# What to do:
With the pictures left out, retype exactly the lines below starting at the line that contains "Valente Valentina.jpg" and ending at the line that contains "kaito 10th anniversary".

# Entries shown:
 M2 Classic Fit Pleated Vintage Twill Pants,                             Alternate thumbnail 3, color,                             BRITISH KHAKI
---
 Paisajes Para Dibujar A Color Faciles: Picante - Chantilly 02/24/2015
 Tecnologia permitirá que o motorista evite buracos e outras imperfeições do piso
...
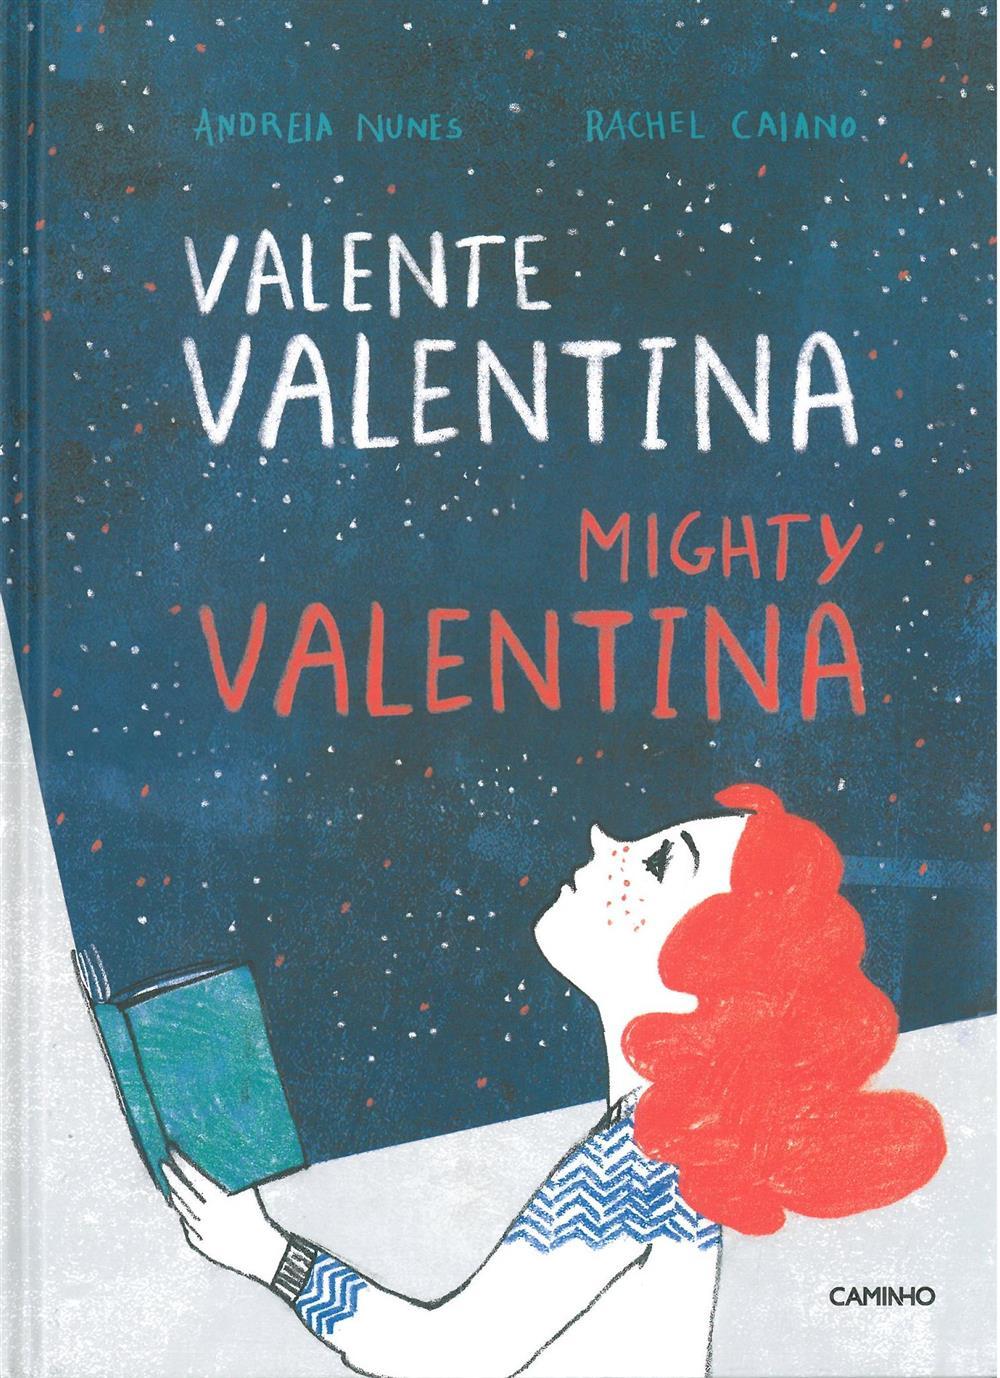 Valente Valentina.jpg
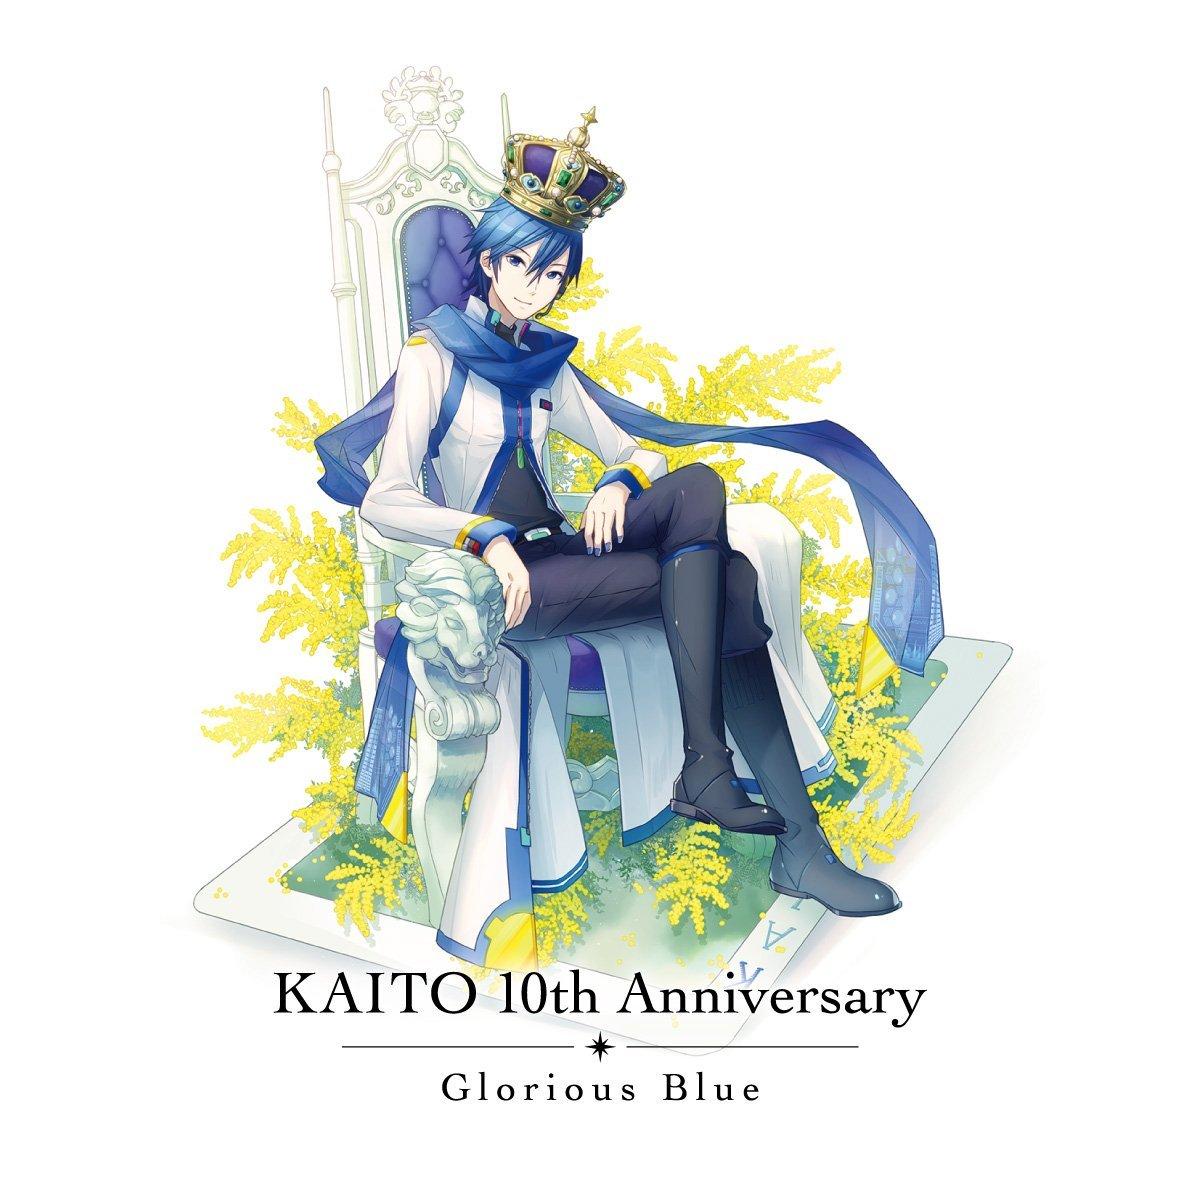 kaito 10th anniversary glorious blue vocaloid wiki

# Answer section:
 Valente Valentina.jpg
 kaito 10th anniversary glorious blue vocaloid wiki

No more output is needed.